= Michael Tendler =

Russian-Swedish Physicist (born 1947)

Michael Tendler (Михаил Борисович Тендлер; born 1947) is a Swedish Physicist, currently (Emeritus) Professor of Fusion Plasma Physics at the Royal Institute of Technology, Stockholm (KTH). He is the Invited Professor at the Plasma Physics Laboratory Princeton University, USA and the Chubu University, Japan.

== Education ==
He was educated at Leningrad State University and graduated in Theoretical Physics in 1971 under the supervision of Academician Vladimir Perel. He left the Soviet Union in 1975 and received his doctorate from Uppsala University in 1978 under the supervision of Erik T. Karlsson.

== Career ==
Tendler moved to the Alfven Laboratory of the Royal Institute of Technology (KTH) as an associate professor in 1981 and gradually shifted his interest towards Fusion research. From 1992 until 2002 he was an invited professor at the Institut national de la recherche scientifique, Université du Québec, Canada. He became Full Professor at KTH in 1997. He is the former President of International Congress on Plasma Physics. In 2011 he became the Senior science expert at ITER. Tendler served on the Advisory Committees of National Institute of Fusion Research in Toki (Japan), the Institute of Plasma Physics of the Chinese Academy of Sciences and Saint Petersburg State Polytechnic University.

== Research ==
In the 70s Tendler focused on kinetic and statistical properties of gases and plasmas. Over time his research shifted towards thermonuclear fusion and has contributed to crucial issues like magnetic confinement and operation scenarios. In particular he has been instrumental in the theoretical understanding of Plasma rotation and L-H confinement mode transitions.
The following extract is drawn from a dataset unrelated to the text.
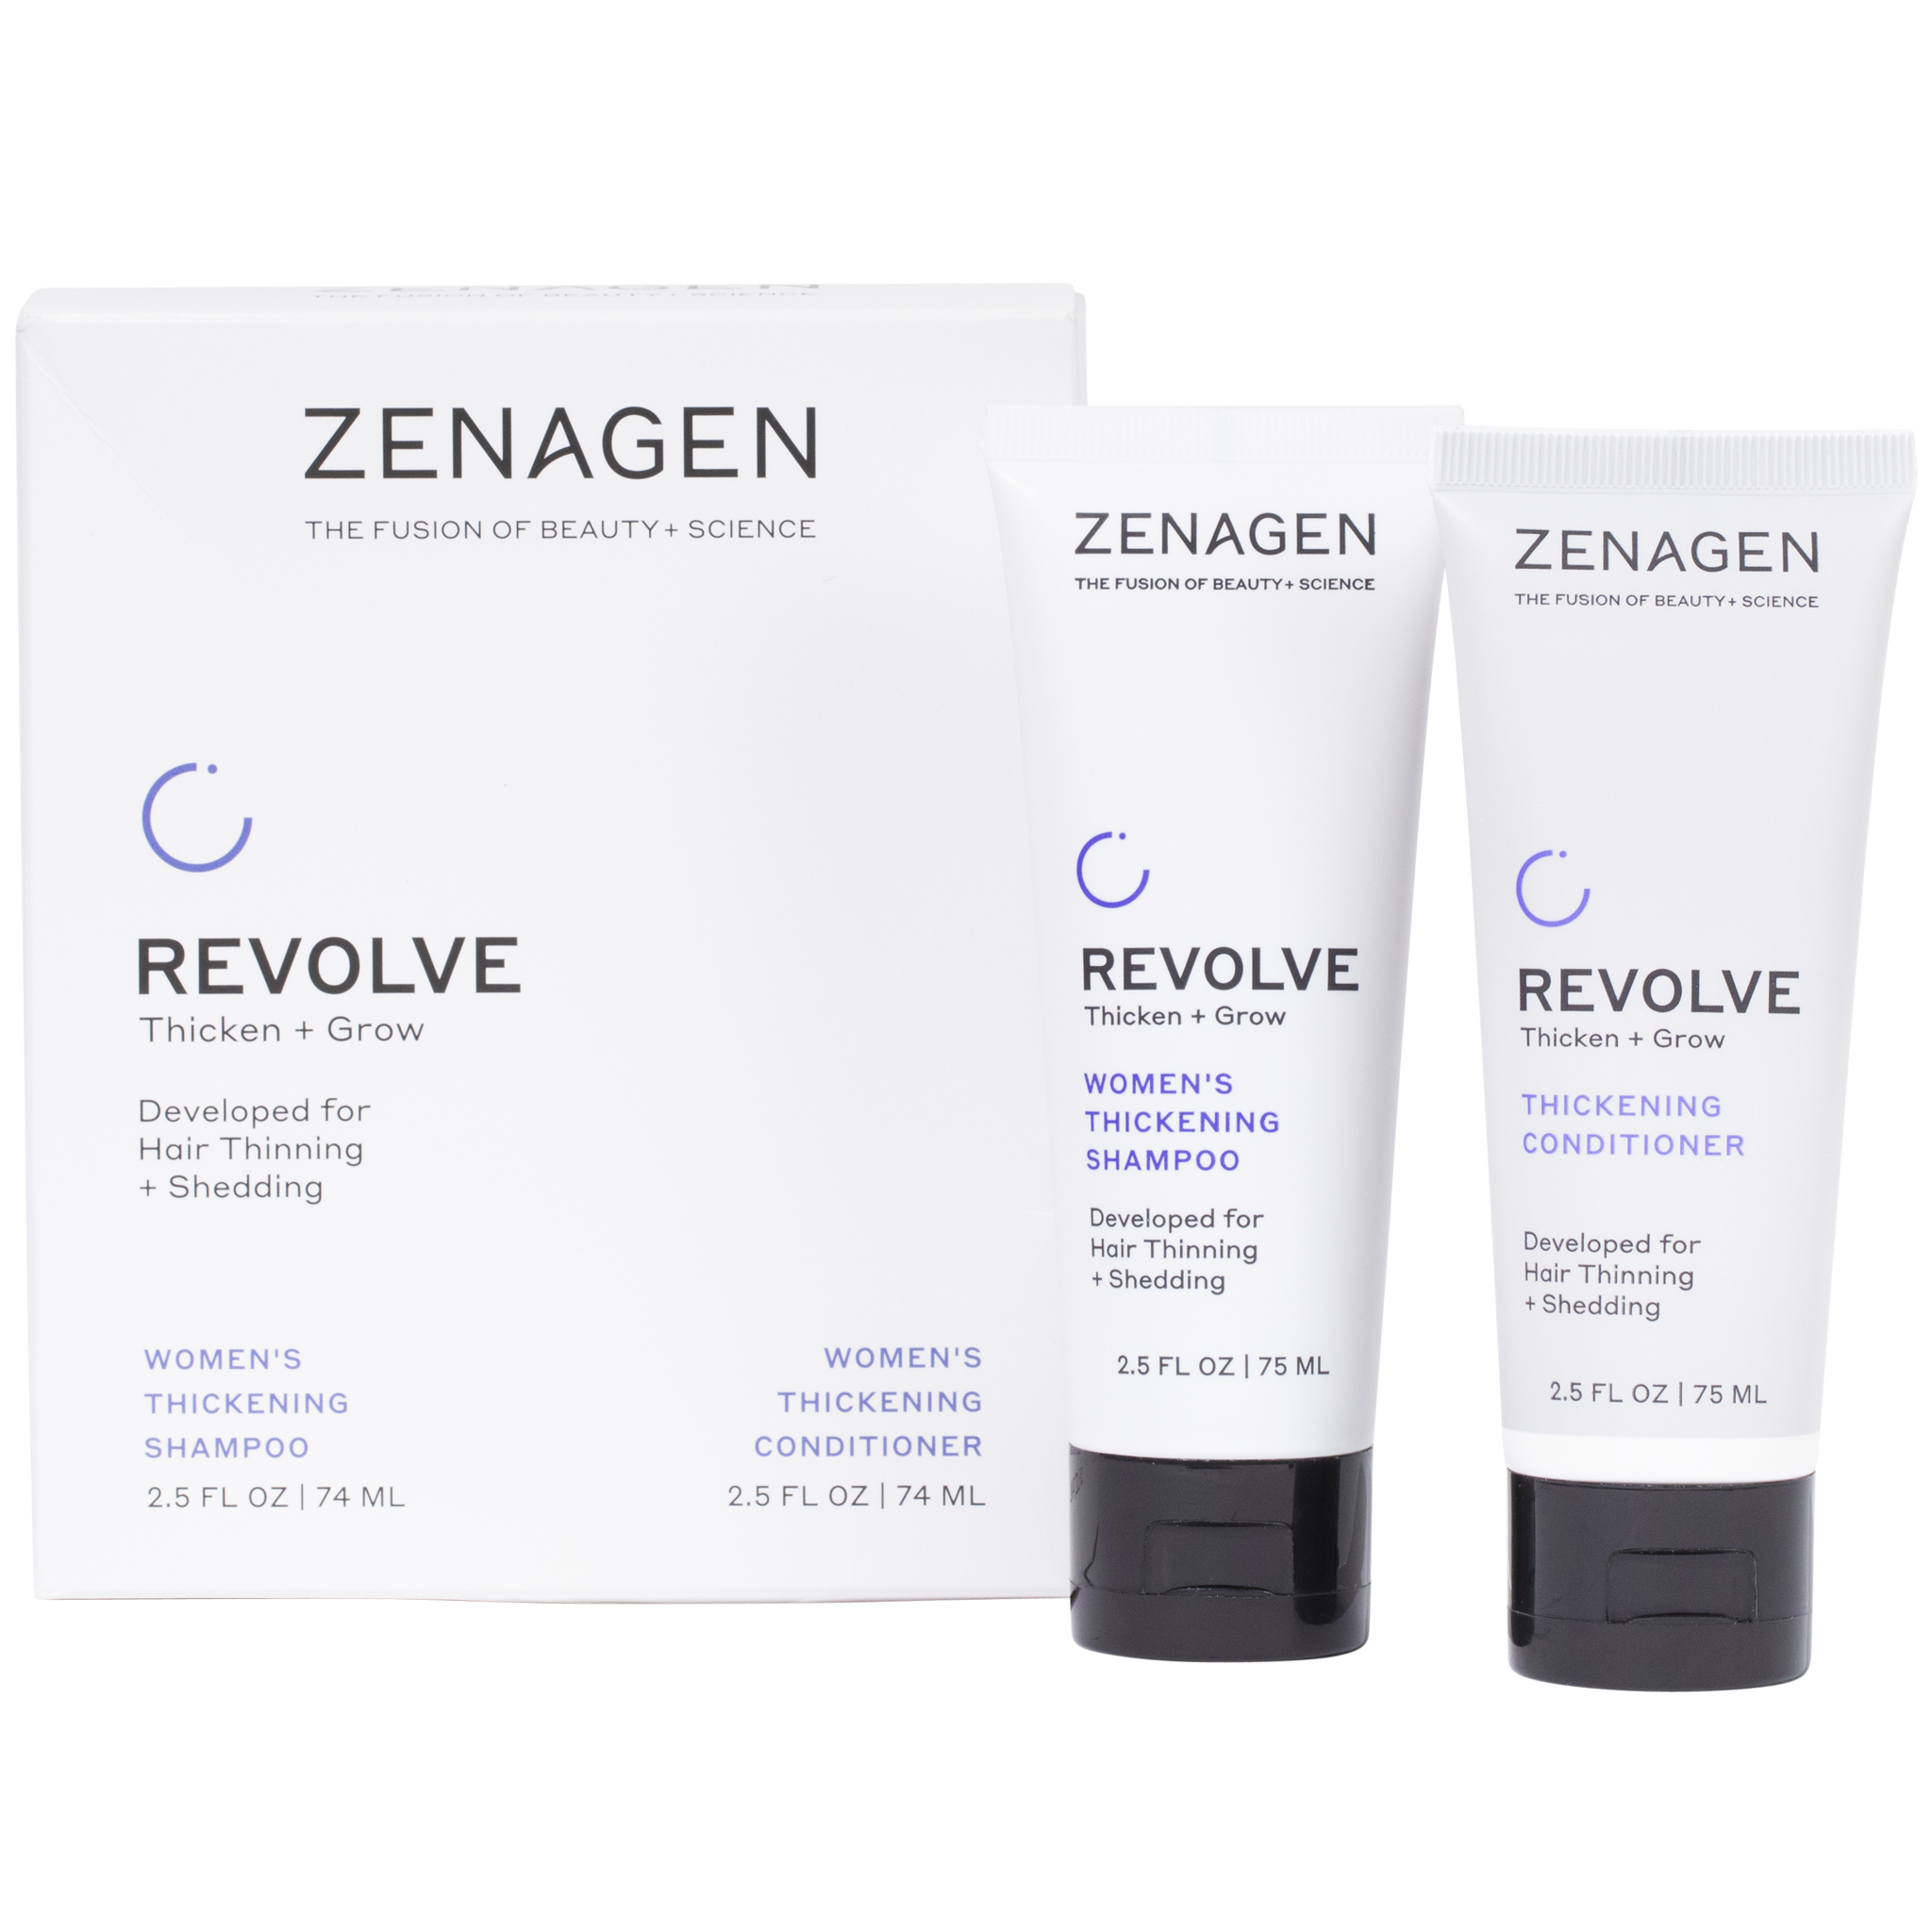 Zenagen Revolve Women's Travel Size Shampoo and Conditioner next to box

He elucidated the synergy of neoclassical and turbulence driven flows in a tokamak resulting in improved H–mode confinement. In latter years his research interests broadened into applications of Plasma physics, such as waste treatment  and the implementation of  the DC transmission technology employing High Temperature superconducting cables.

Recently, he contributed to novel ideas of enhancing fusion reactions revising the muon catalysis concept.

He  also proposed the new plasma mechanism for the magnetic field generation in the Crab Nebula. The mechanism is based upon the development of a two-stream instability resulting from the supernova explosion which took place in 1054 and led to the formation of the Crab Nebula.

== Awards ==
Tendler was awarded the 1999 Ernst Mach Medal in Physics by the Czech Academy of Sciences.
He was awarded honorary doctorates (Dr.h.c.) from the Ghent University, Belgium, the Russian Academy of Sciences, St. Petersburg State Polytechnical University and Chubu University in Japan. He is a (foreign) member of the Russian Academy of Sciences and the Royal Swedish Academy of Engineering Sciences.